Remember that lfence doesn't allow later instructions to start until earlier instructions have retired. This is probably at least a couple cycles / pipeline-stages later than when their results are ready for bypass-fowarding to other execution units (i.e. the normal latency).

So for small T, it's definitely significant that you add extra latency into the chain by requiring the result to not only be ready, but also written back to the register file.

It probably takes an extra cycle or so for lfence to allow the issue/rename stage to start operating again after detecting retirement of the last instruction before it. The issue/rename process takes multiple stages (cycles), and maybe lfence blocks at the start of this, instead of in the very last step before uops are added into the OoO part of the core.

Even back-to-back lfence itself has 4 cycle throughput on SnB-family, according to Agner Fog's testing. Agner Fog reports 2 fused-domain uops (no unfused), but on Skylake I measure it at 6 fused-domain (still no unfused) if I only have 1 lfence. But with more lfence back-to-back, it's fewer uops! Down to ~2 uops per lfence with many back-to-back, which is how Agner measures.

lfence/dec/jnz (a tight loop with no work) runs at 1 iteration per ~10 cycles on SKL, so that might give us an idea of the real extra latency that lfence adds to the dep chains even without the front-end and RS-full bottlenecks.

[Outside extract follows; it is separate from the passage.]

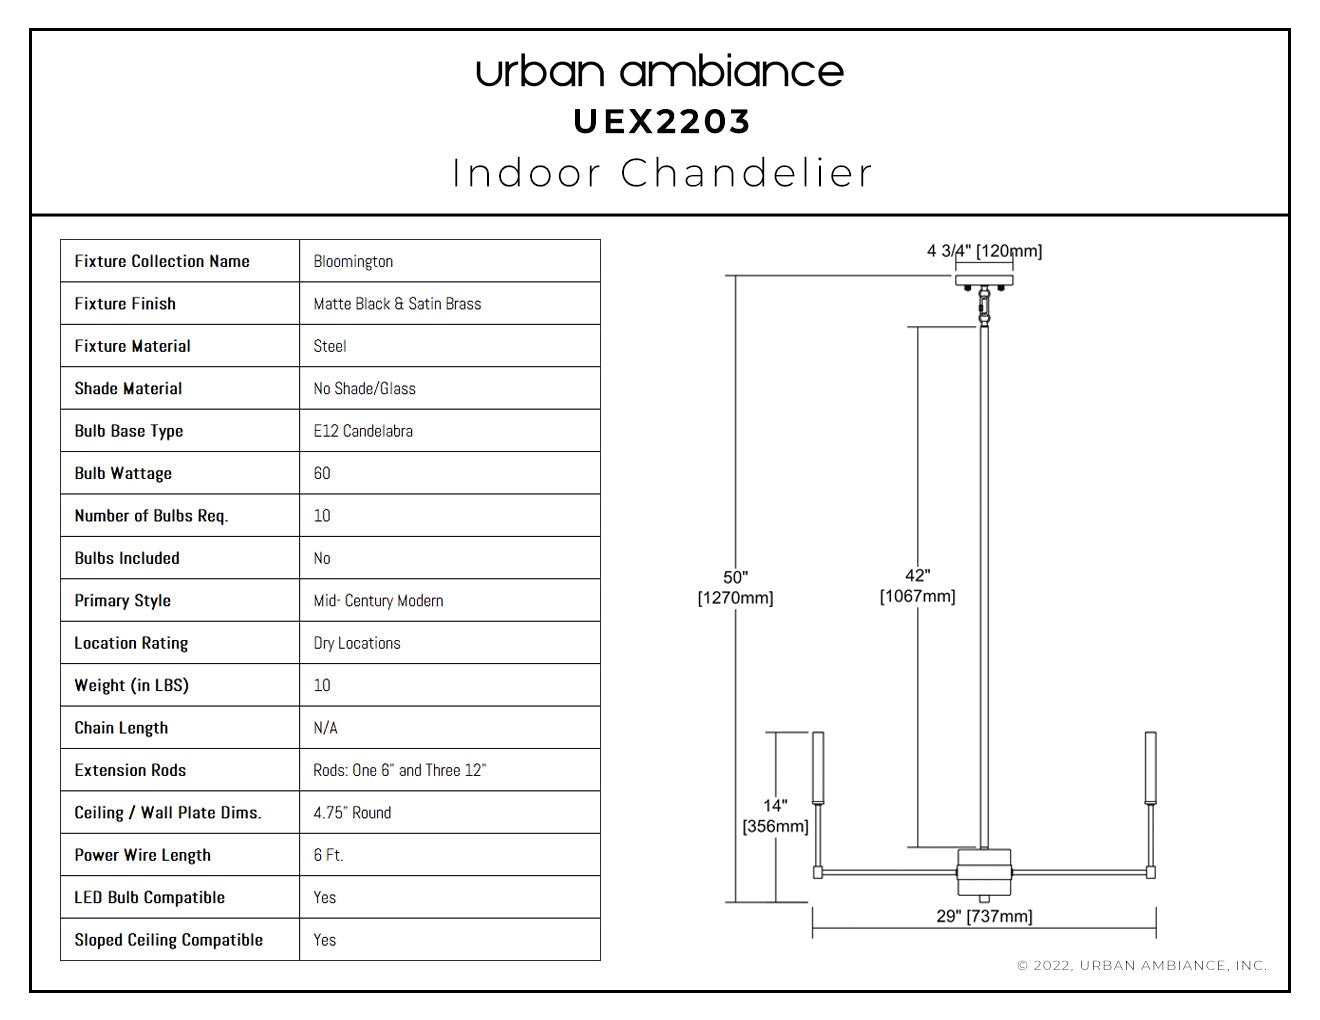 UEX2203 Lux Industrial Chandelier 14''H x 29''W, Matte Black & Satin Brass  Finish, Bloomington Collection
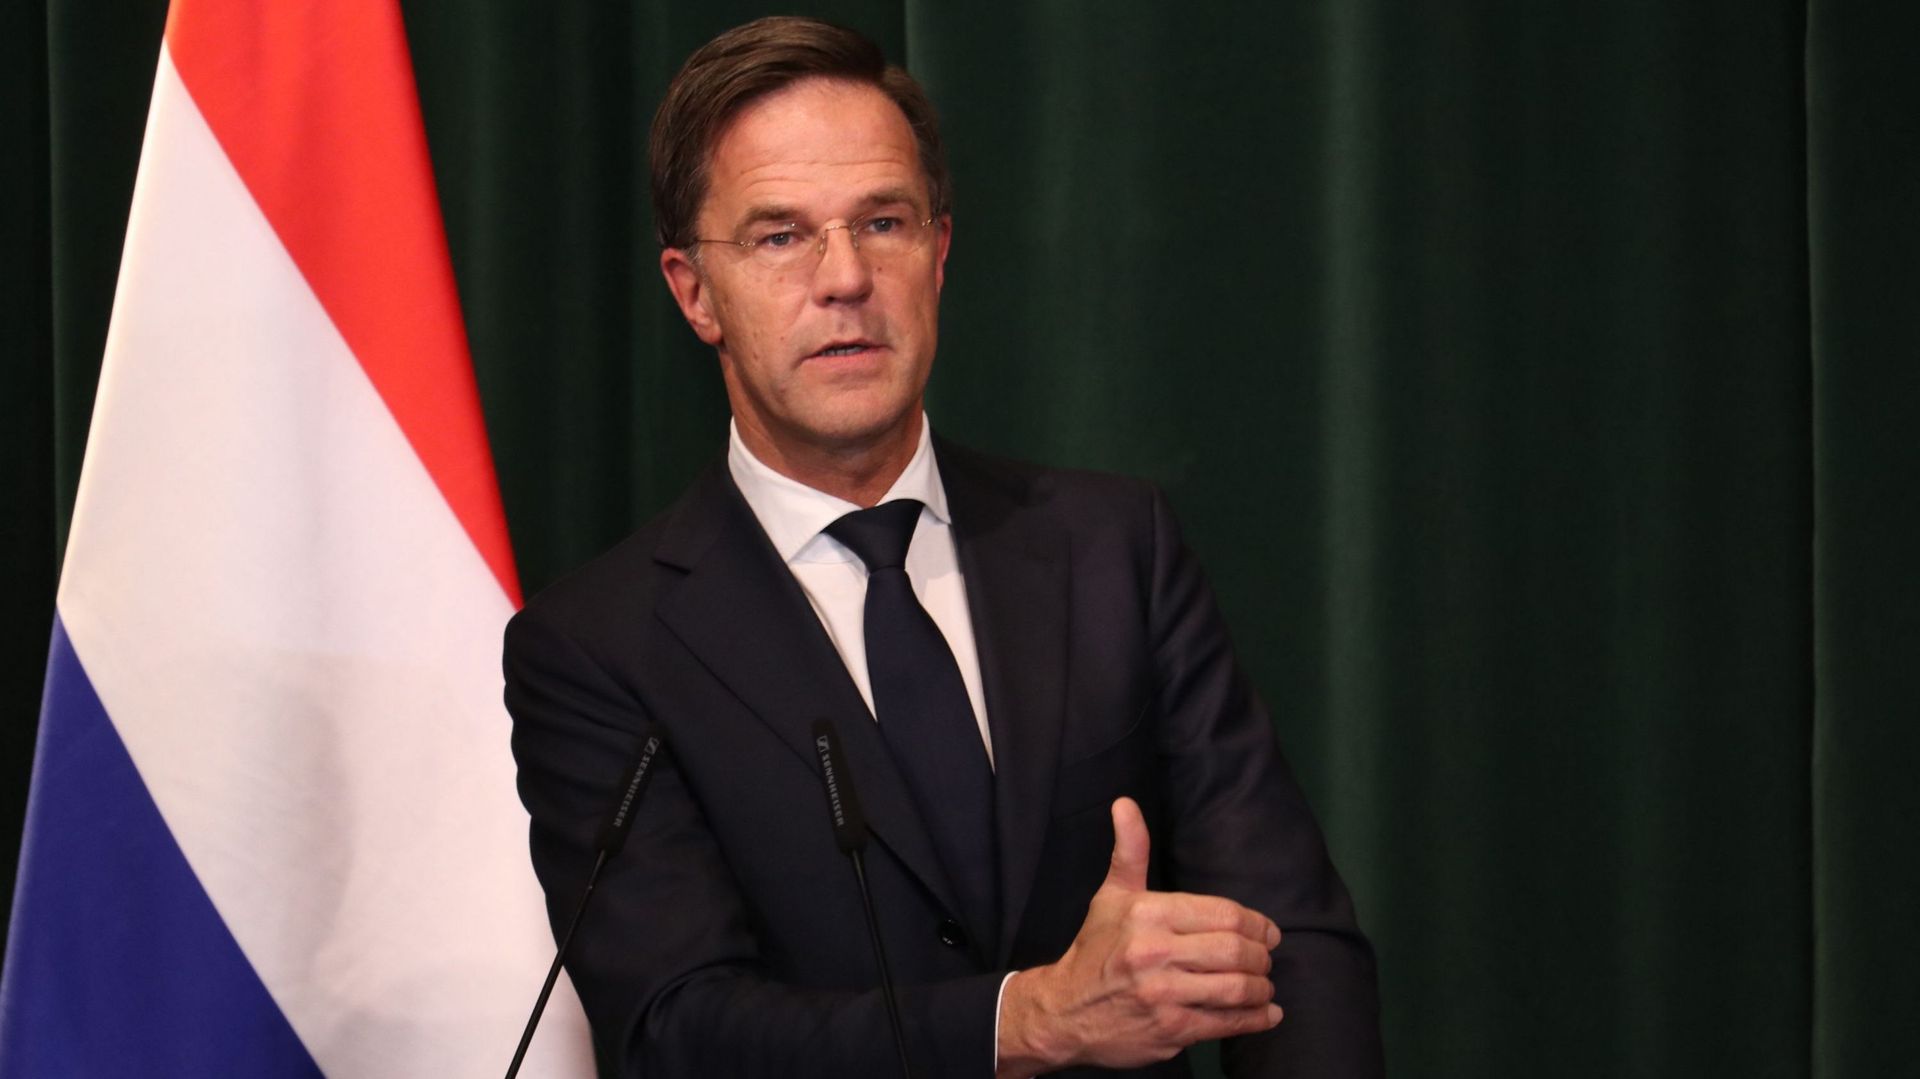 Dutch Prime Minister Mark Rutte in Albania

Measuring lfence overhead with only one dep chain, OoO exec being irrelevant:

.loop:     ;mfence                  ; mfence here:  ~62.3c (with no lfence)     lfence                   ; lfence here:  ~39.3c     times 10 imul eax,eax    ; with no lfence: 30.0c     ; lfence                 ; lfence here:  ~39.6c     dec   ecx     jnz   .loop 

Without lfence, runs at the expected 30.0c per iter. With lfence, runs at ~39.3c per iter, so lfence effectively added ~9.3c of "extra latency" to the critical path dep chain. (And 6 extra fused-domain uops).

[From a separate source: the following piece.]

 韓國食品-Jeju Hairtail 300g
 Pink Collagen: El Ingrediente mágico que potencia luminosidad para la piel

With lfence after the imul chain, right before the loop-branch, it's slightly slower. But not a whole cycle slower, so that would indicate that the front-end is issuing the loop-branch + and imul in a single issue-group after lfence allows execution to resume. That being the case, IDK why it's slower. It's not from branch misses.

Getting the behaviour you were expecting:

Interleave the chains in program order, like @BeeOnRope suggests in comments, doesn't require out-of-order execution to exploit the ILP, so it's pretty trivial:

.loop:     lfence      ; at the top of the loop is the lowest-overhead place.  %rep T     imul   eax,eax     imul   edx,edx %endrep      dec     ecx     jnz    .loop 

You could put pairs of short times 8 imul chains inside a %rep to let OoO exec have an easy time.

Footnote 1: How the front-end / RS / ROB interact

My mental model is that the issue/rename/allocate stages in the front-end add new uops to both the RS and the ROB at the same time.

Uops leave the RS after executing, but stay in the ROB until in-order retirement. The ROB can be large because it's never scanned out-of-order to find the first-ready uop, only scanned in-order to check if the oldest uop(s) have finished executing and thus are ready to retire.

(I assume the ROB is physically a circular buffer with start/end indices, not a queue which actually copies uops to the right every cycle. But just think of it as a queue / list with a fixed max size, where the front-end adds uops at the front, and the retirement logic retires/commits uops from the end as long as they're fully executed, up to some per-cycle retirement limit which is not usually a bottleneck, although Skylake did increase it to 8 per clock for better Hyperthreading, I think.)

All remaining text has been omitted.